The Central Government contention is that the power to snoop on any computer and smart phone is to ensure national security. They also explain that the new order is only in pursuance of the IT Act amendment introduced by UPA government in 2009. The order widely perceived as anti-constitutional, has come when the Lok Sabha is in session. Still it begs the question for whose 'national security' the government issued the order that authorises installing virtual hidden cameras to see into the privacy of people, without holding a formal debate in the parliament, or at least discussing it at the cabinet level. The 'country' has now become synonymous with the 'government'. And what is going to rule the roost will be the hunting of democracy by the supremacy of the majority in which criticisms against government wil be judged as treason.

One also starts being anxious whether in current times the courts or the various political leaderships have any stamina left to question the civil rights violations going on in the name of the country. It is in less than a year since the highest court declared privacy as a fundamental right of the citizen that an order has been issued saying that citizens shall not have any secret to hide before the 'country'. But then who is actually hiding information and serving the corporates?

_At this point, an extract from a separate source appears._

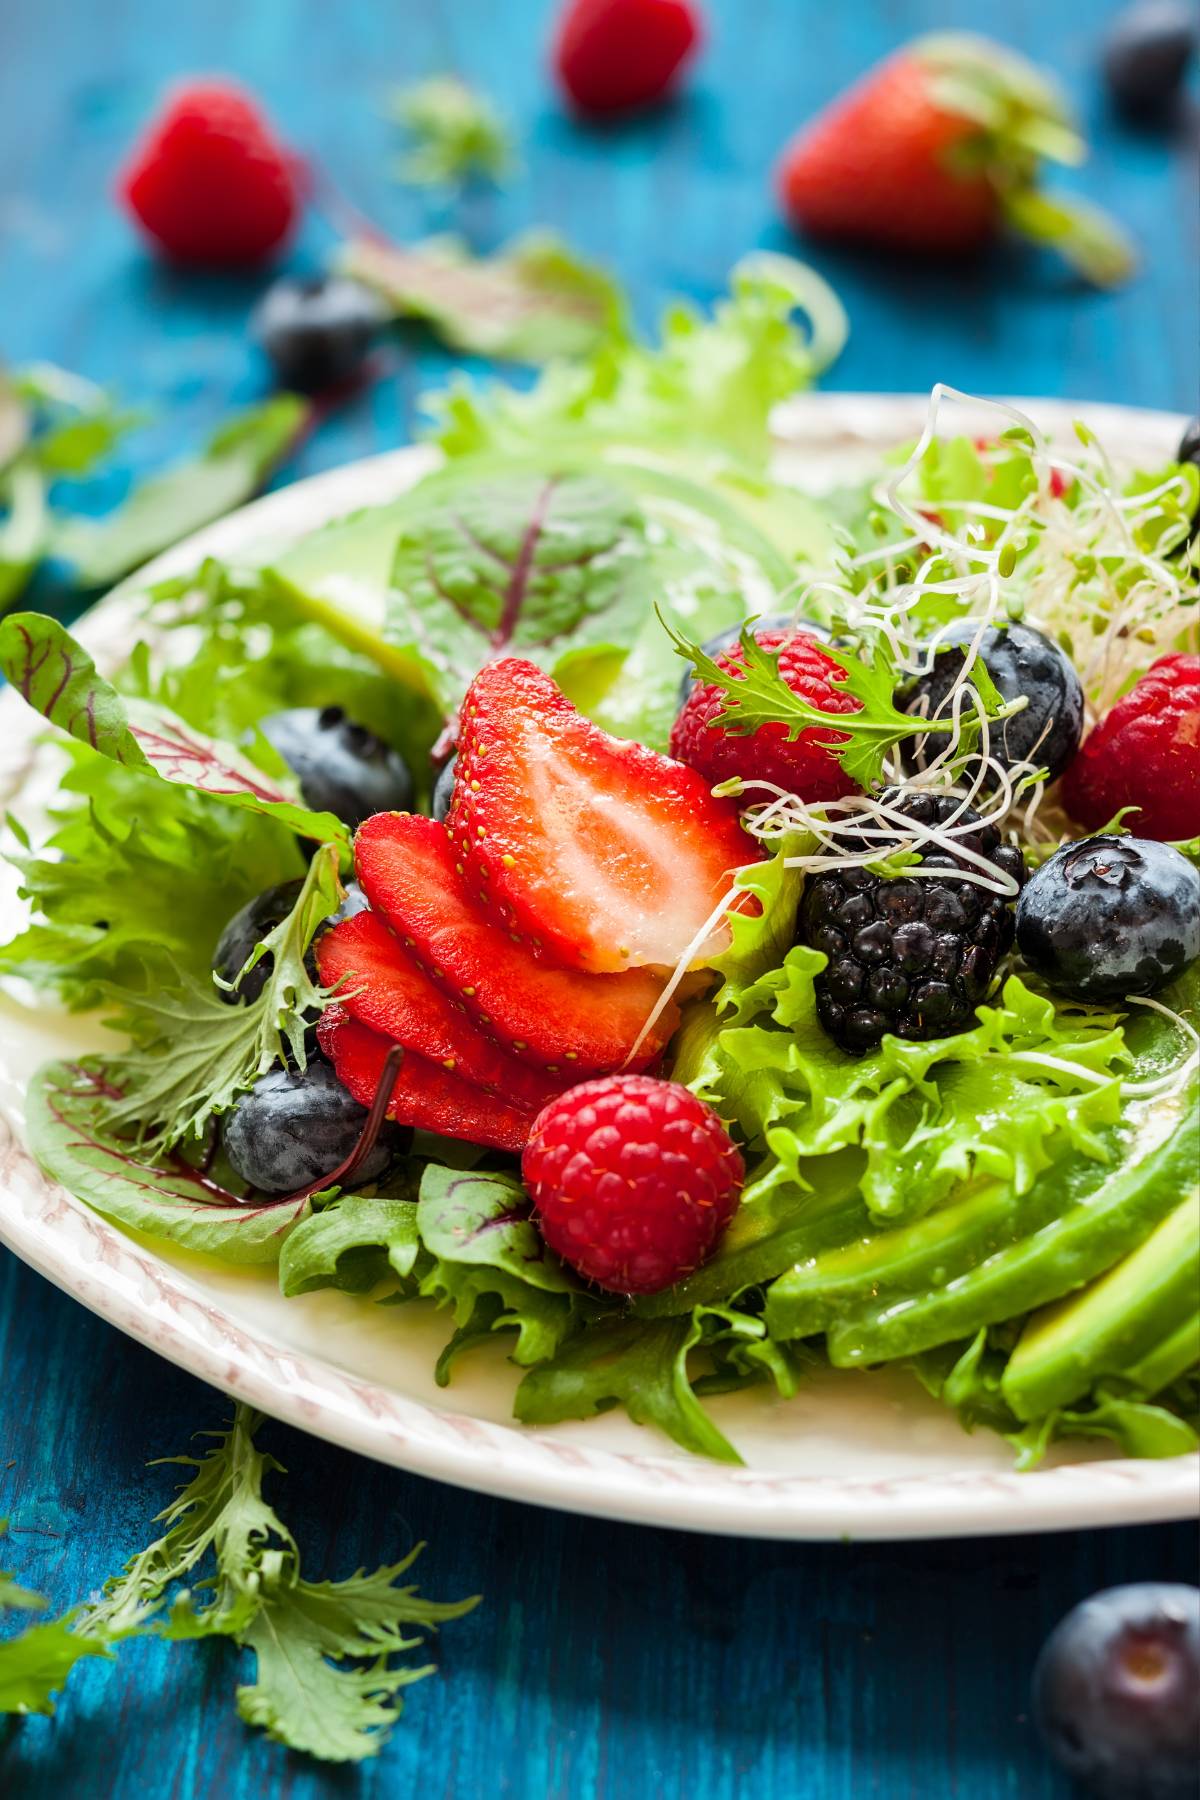 Easy Salad Recipes: Top 10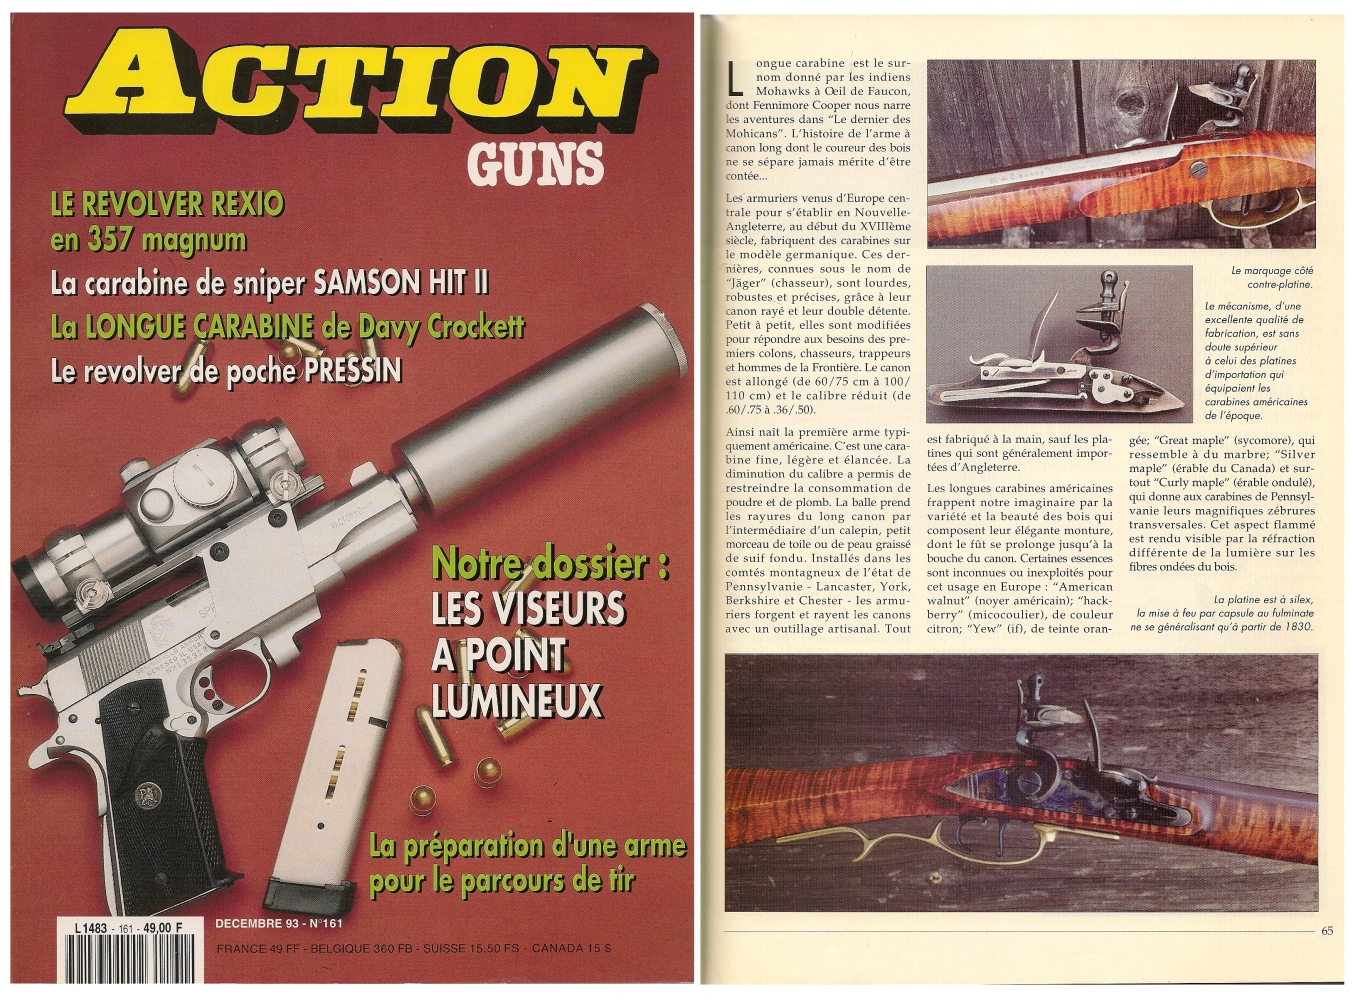 Le banc d’essai de la réplique de carabine à silex « Frontier » a été publié sur 5 pages dans le magazine Action Guns n° 161 (décembre 1993).

The contracts in Rafale arms deal, the economic frauds committed by banks after demonetization, the credibility of the funds that came to the Reserve Bank, information about the tax concessions granted to the corporates, data about kingpins of black money, enquirires about the people killed in fake encounters, reprsentation of Dalits and minorities in military and investigative agencies, and even definite information about prime minister's educational qualification - so goes the long list of items of information which the government has been withholding on the plea that their disclosure would be against national interest. It is a government that misled even the Supreme Court on grounds of national security that is now snatching the fundamental rights of the citizens under the same pretext.

As was stated by Shantanu Sen, former Joint Director CBI, official agencies are going to find it very easy to look into any confidential information. The earlier requirement to approach the government on each case is not there any more. Those who conspired to make this order are aiming at maintaining power in their own hands, and even if it is lost, to retain a deep state through control and influence over the bureaucracy. In this new dispensation, loyalty to the nation is the name given to unstinted support to the government by those who wish to see supremacy of the majority. Then security means being subservient to the group interests of the establishment. Freedom is only the name for recording soft voices of dissent rooted in convictions about the espionage network of the government. Peace is another name for silence that instils fear within oneself. With a single order, the government has been able to enforce all this. Still we believe that there is no emergency in the country, and that ours is a country with infinite right to write and talk freely and criticise government and those in it!